JEP draft: Unify the Basic Primitives with Objects (Preview)
Owner | Dan Smith |
Type | Feature |
Scope | SE |
Status | Draft |
Effort | XL |
Duration | L |
Created | 2021/01/13 22:40 |
Updated | 2021/02/16 10:59 |
Issue | 8259731 |
Summary
Unify the basic primitives (int
, double
, etc.) with objects by modeling
the basic primitive values as instances of primitive classes (a feature introduced in
another JEP)
and repurposing the wrapper class declarations to act as the basic primitives'
class declarations. As a result of this change, all Java values are objects.
This is a
preview language and VM feature.
Goals
This JEP includes the following:
-
Library changes: migrating the eight wrapper classes (
java.lang.Integer
,java.lang.Double
, etc.) to be reference-favoring primitive classes -
Language changes: treating basic primitive values as instances of the migrated wrapper classes, and the primitive type keywords (
int
,double
, etc.) as aliases for their primitive value types; supporting method invocation, primitive reference conversion, and array covariance on these types -
JVM changes: treating the basic primitive array types as equivalent to the corresponding primitive object array types
-
Core reflection changes: changing the behavior of the eight
Class
objects representing the basic primitive types (int.class
,double.class
, etc.) to model their class declarations
Non-Goals
The core functionality of primitive objects and classes is introduced in a separate JEP. This JEP is only concerned with applying those features to the eight basic primitive types.
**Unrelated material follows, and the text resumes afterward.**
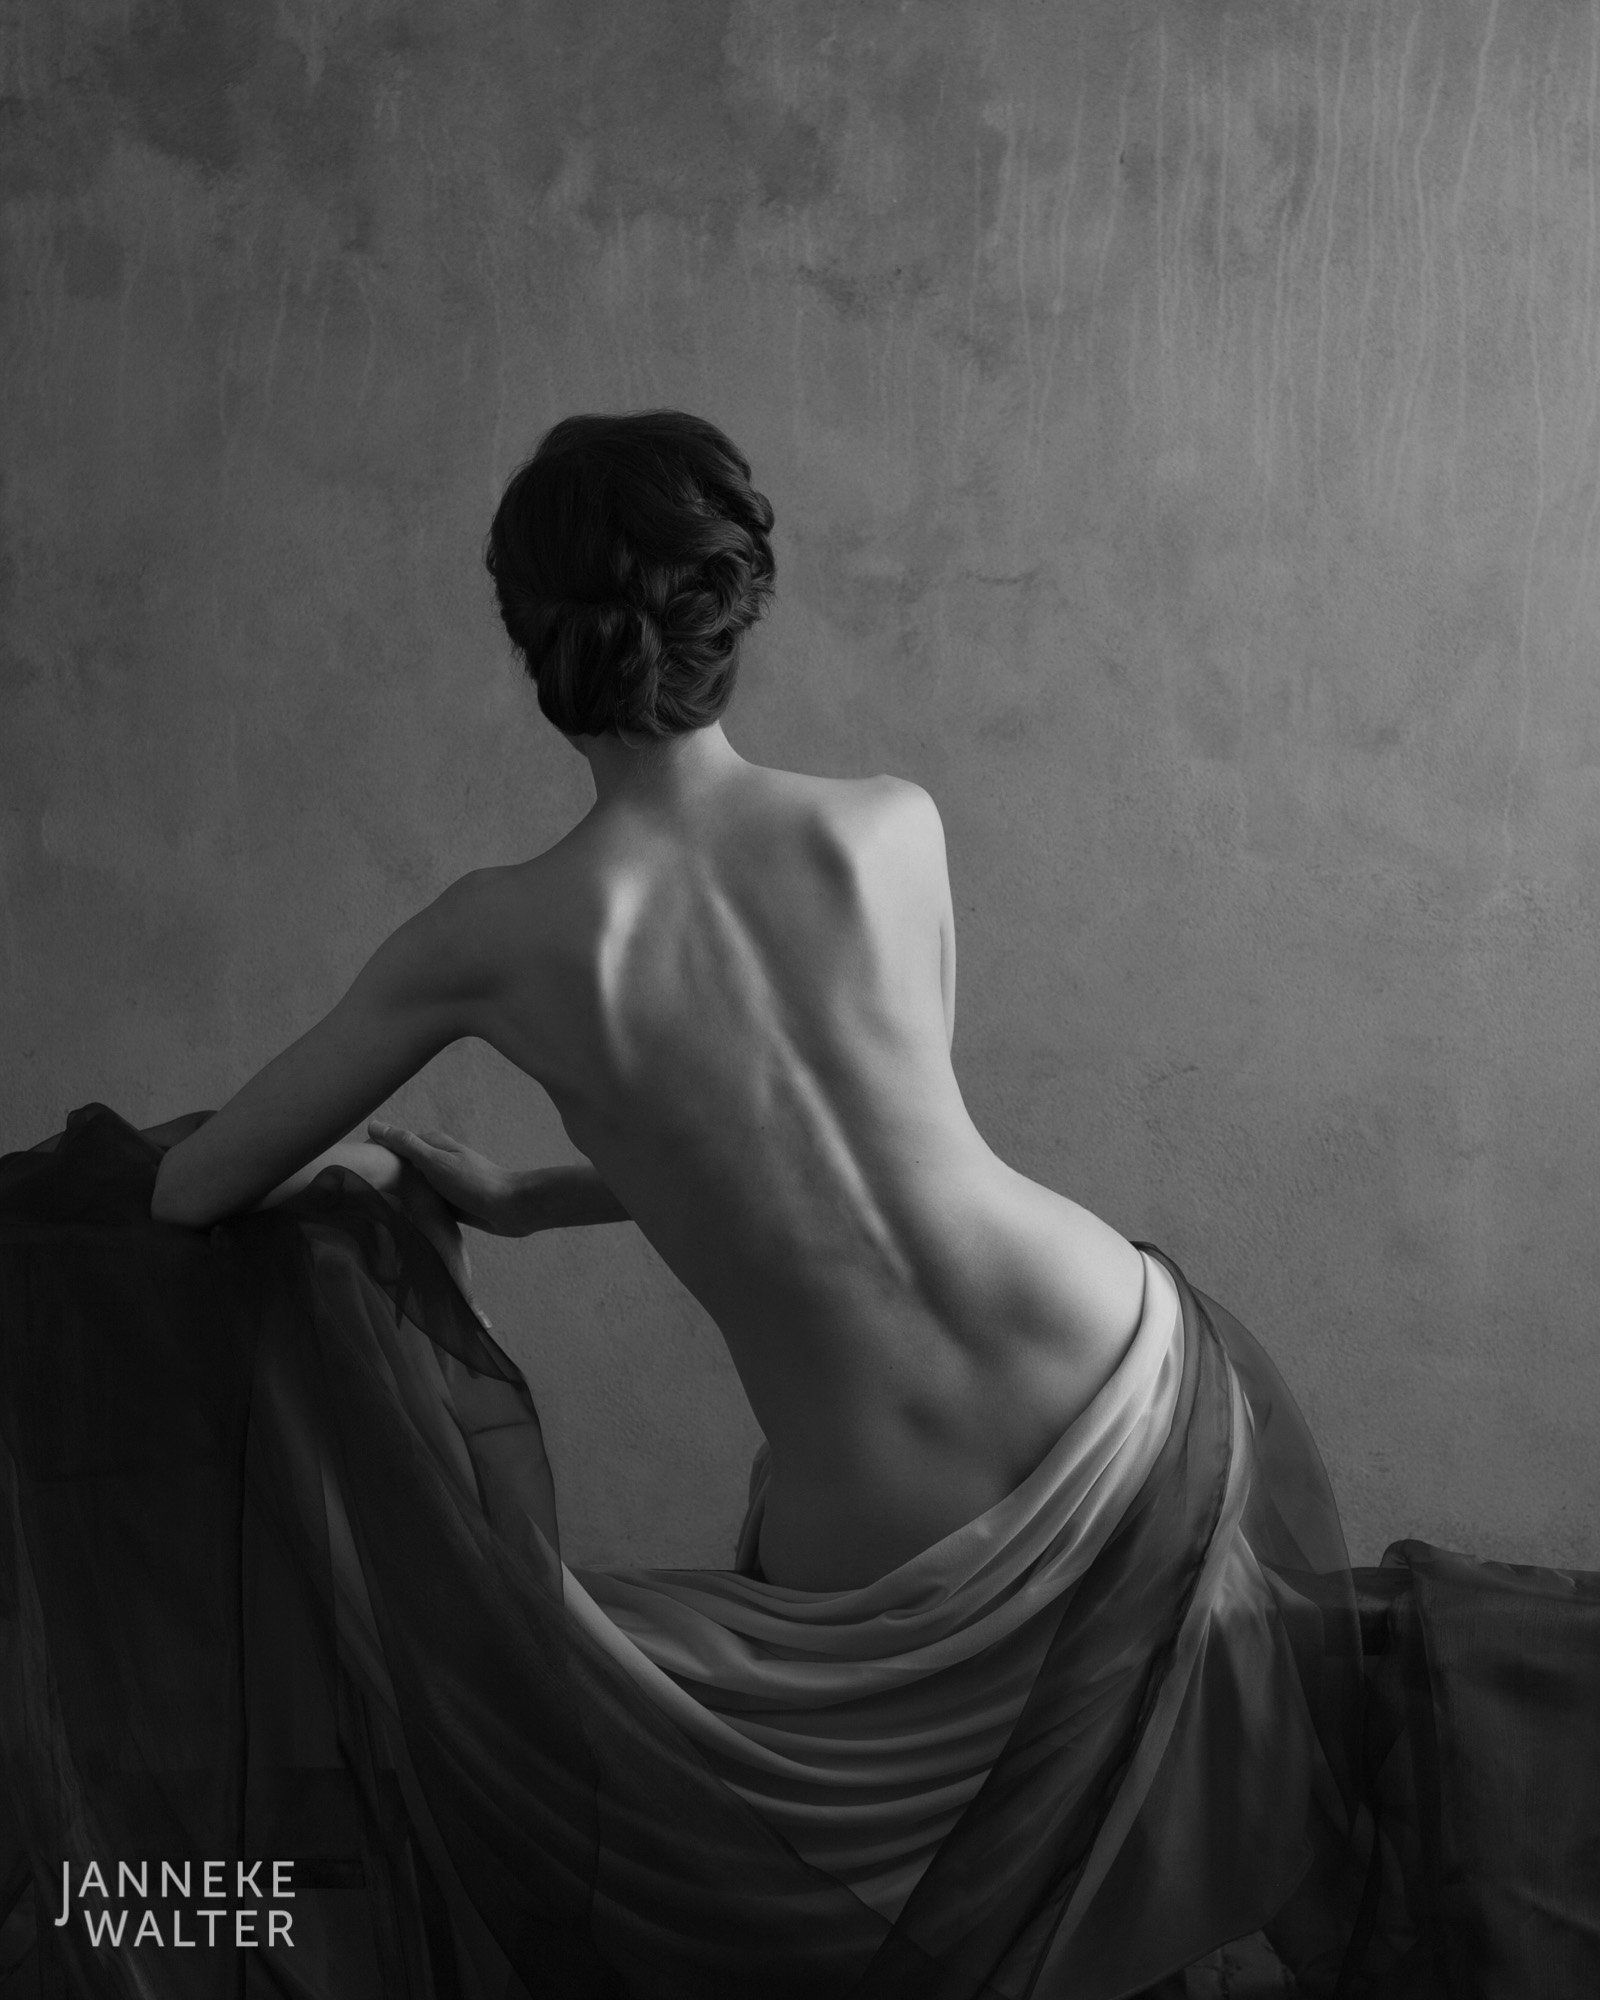 Fine art naakt foto vrouw met gedrapeerde doeken  © Janneke Walter, fotograaf Utrecht De Bilt, fine art fotografie, naaktfotografie
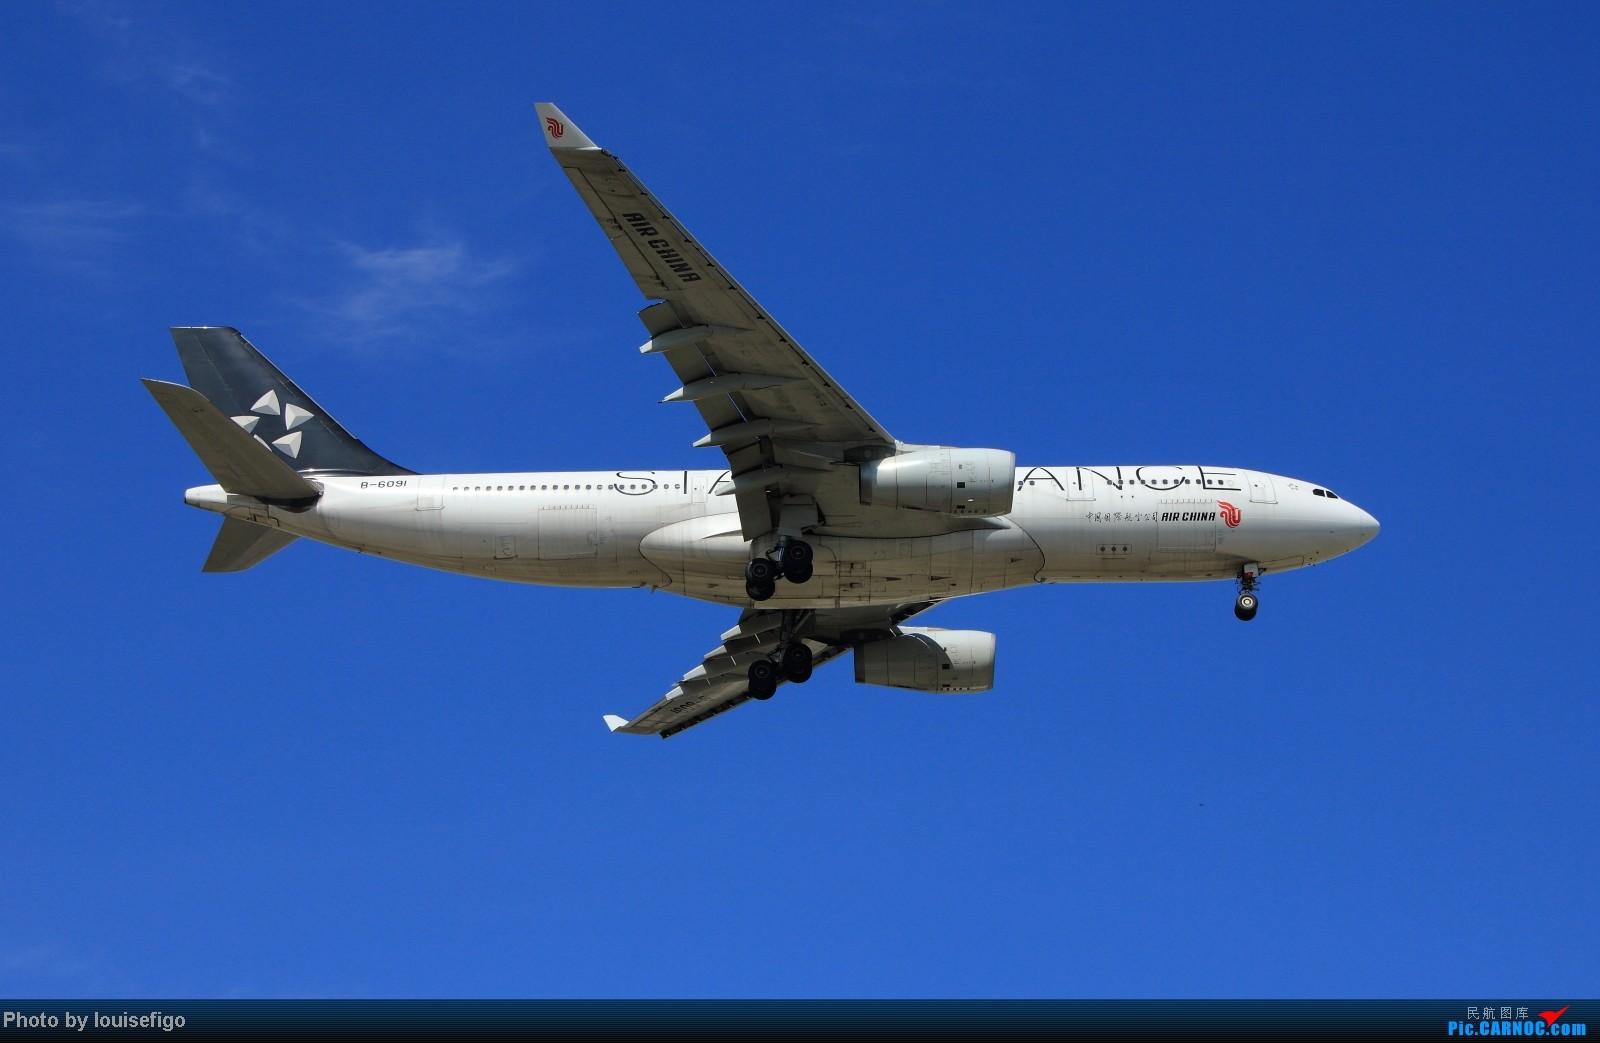 Re:[原创]星空联盟7-23北京代表大会,与会代表来自中美韩埃!~~可惜老天爷貌似对某些代表有情绪! AIRBUS A330-200 B-6091 北京首都国际机场

This JEP does not address the interaction of primitive value types, including
int
, double
, etc., with Java's generics. Separate JEPs will address the
need for primitive value types as type arguments, and eventually optimize the
performance of these parameterizations.
This JEP does not propose any new kinds of numeric primitives, or any new capabilities for Java's unary and binary operators.
Motivation
Java is an object-oriented programming language, but its basic primitive values—booleans, integers, and floating-point numbers—are not objects. This was a sensible design choice when the language was created, as each object required a significant amount of overhead and indirection. But it meant that the basic primitive values did not support some of the useful features of objects, like instance methods, subtyping, and (later) generics.
As a workaround, the original standard library provided wrapper classes, each of which stored a single primitive value and presented it as an object. In Java 5, implicit boxing and unboxing conversions were introduced, transparently converting the basic primitive values to wrapper class instances, and vice versa, as required by the program.
But the wrapper class workaround is imperfect. It doesn't entirely hide the
effects of conversions—boxing a single value twice, for example, may yield two
objects that are not ==
to each other. More importantly, in many applications
wrapping primitive values in objects has significant runtime costs, and
programmers must weigh those costs against the benefit of greater
expressiveness.
The primitive objects feature, introduced by a separate JEP, eliminates most of the overhead of modeling identity-free values as objects. As a result, it's now practical to treat the basic primitive values as first-class objects in all contexts. At last, we can claim that every value is an object!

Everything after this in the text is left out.